● **Directions**:
Return the listing exactly, please; no pictures.

● **Dataset extract**:
····················

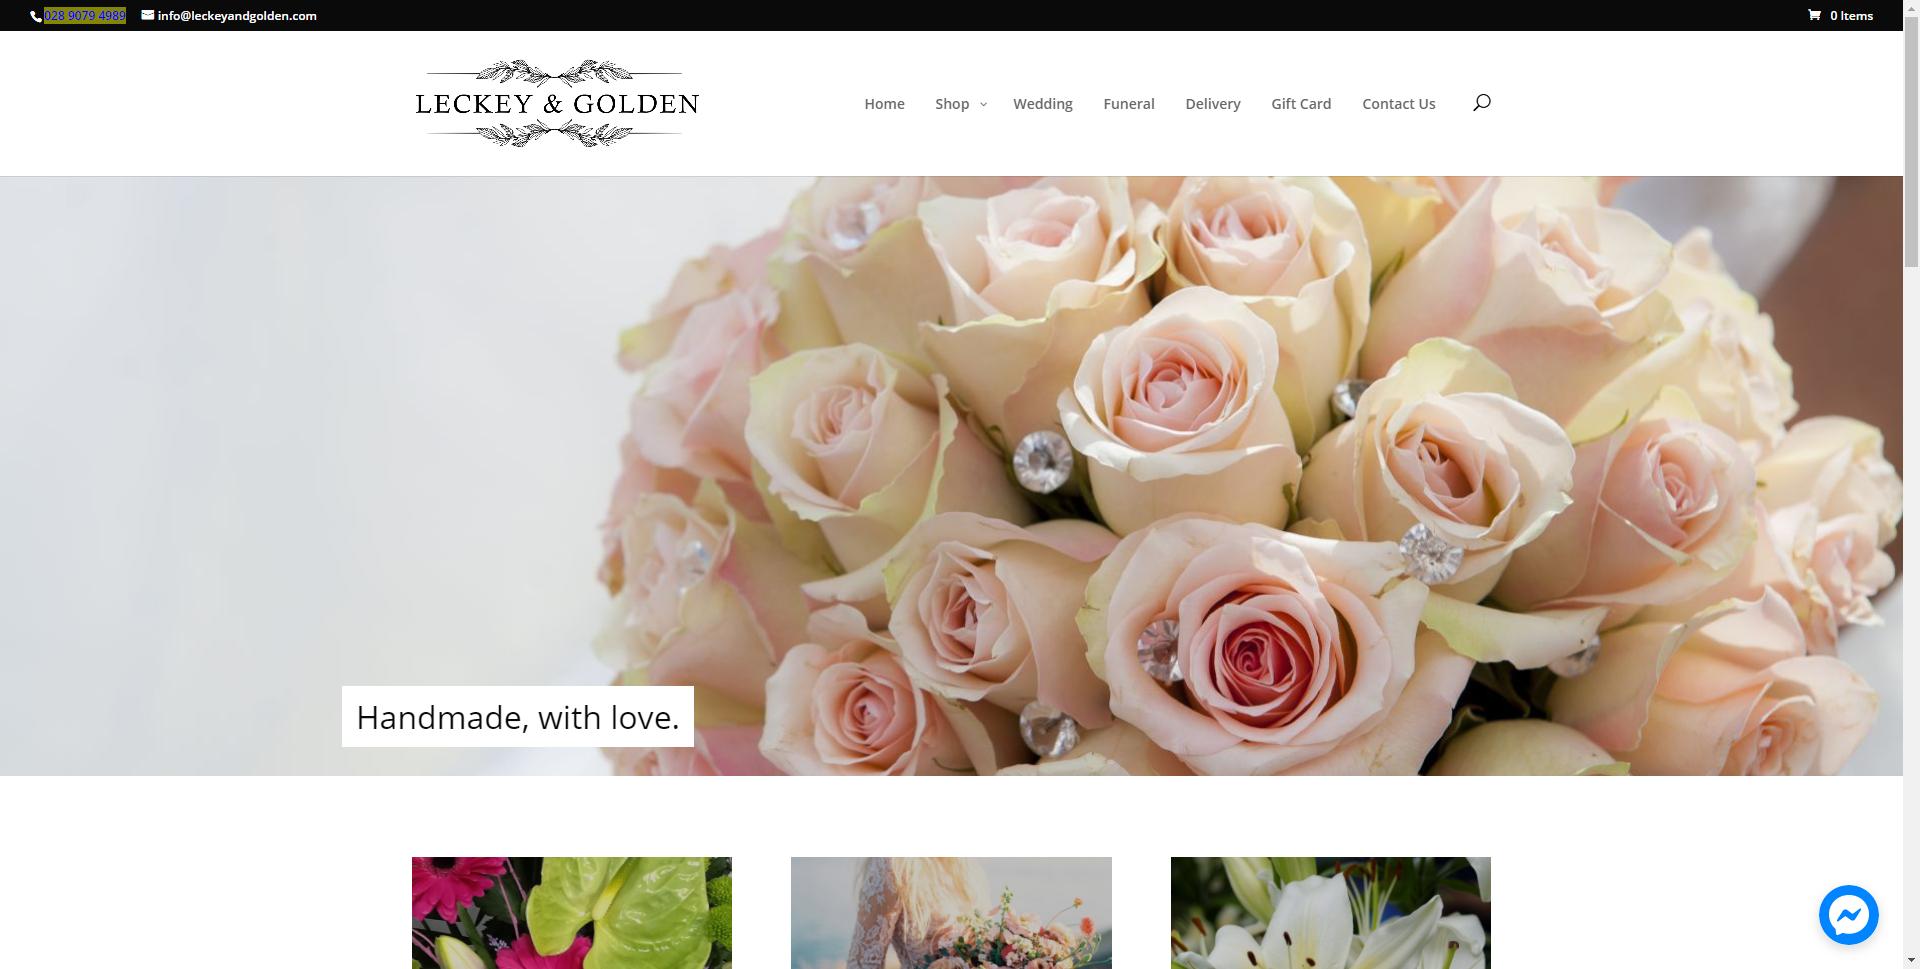 www.leckeyandgolden.com Websites
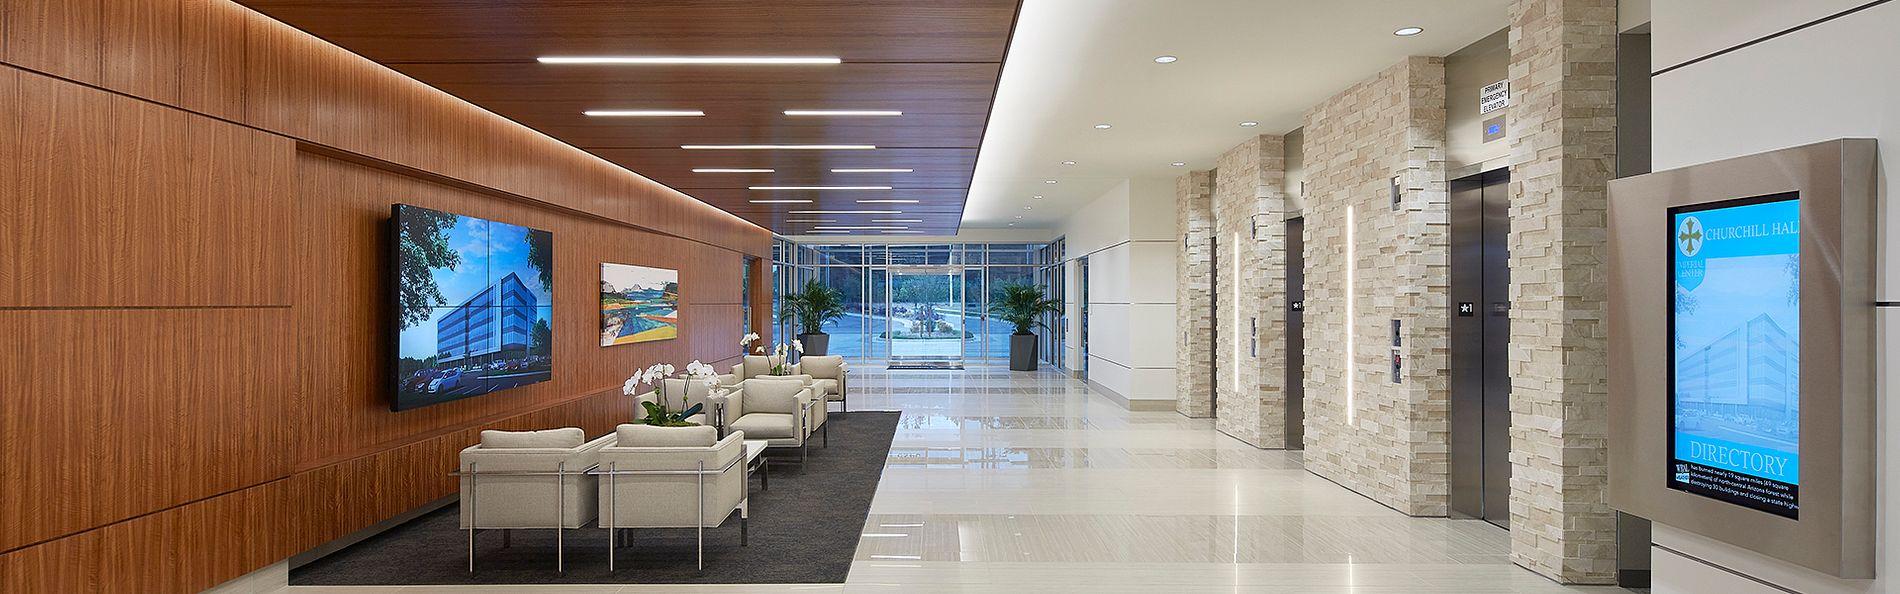 Main lobby area in the Churchill Hall Office Building
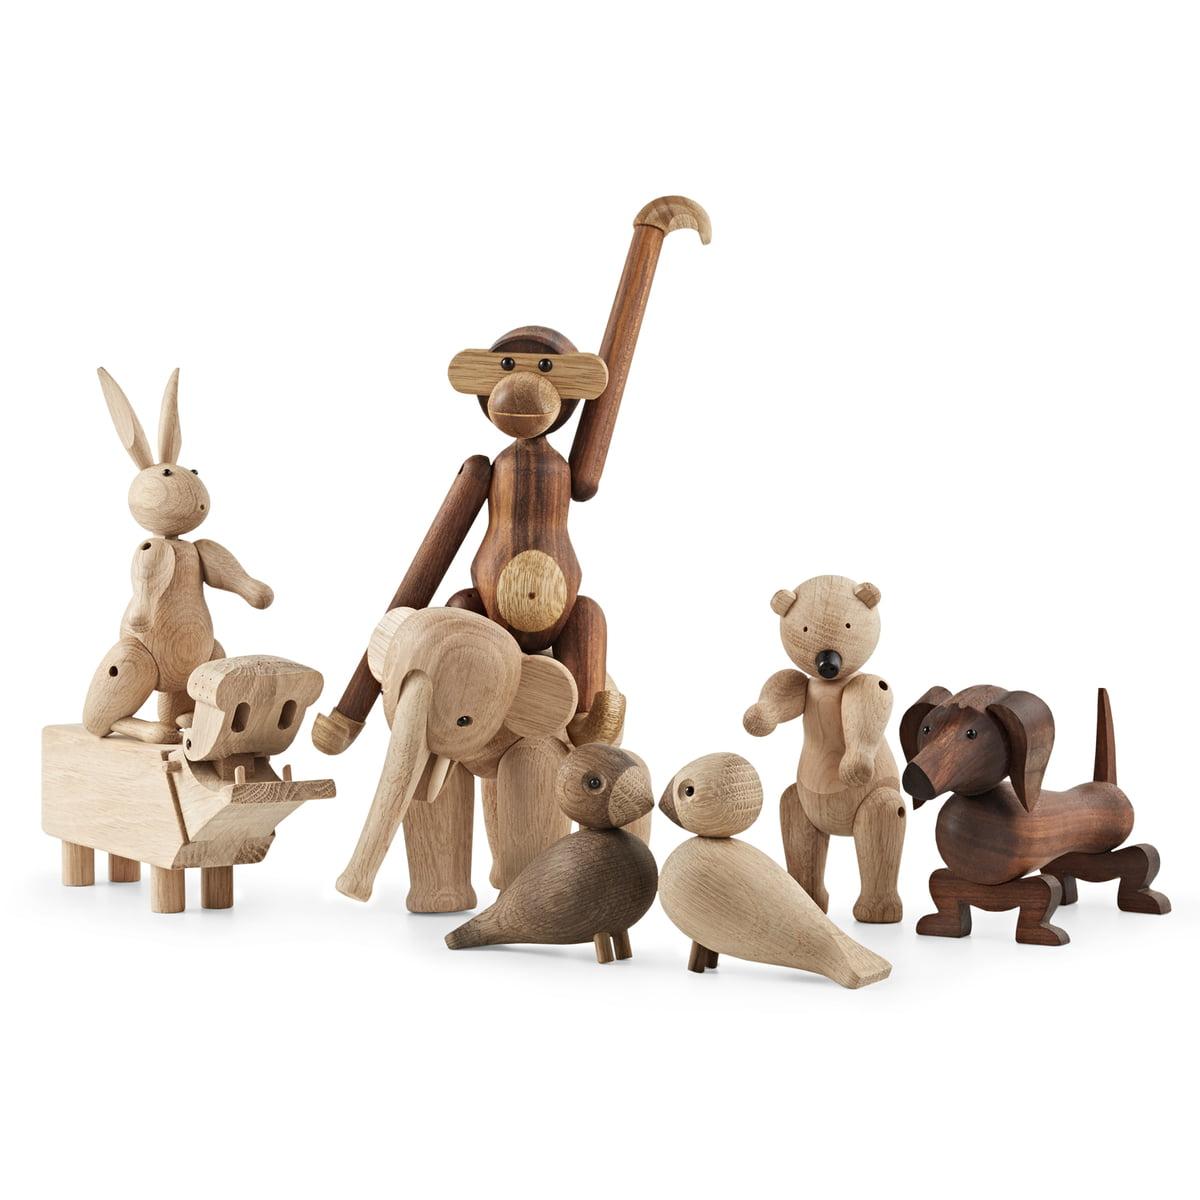 Fremragende Kay Bojesen Wooden Monkey   Connox Shop EM72

····················

● **Solution to the problem**:
 www.leckeyandgolden.com Websites
 Main lobby area in the Churchill Hall Office Building
 Fremragende Kay Bojesen Wooden Monkey   Connox Shop EM72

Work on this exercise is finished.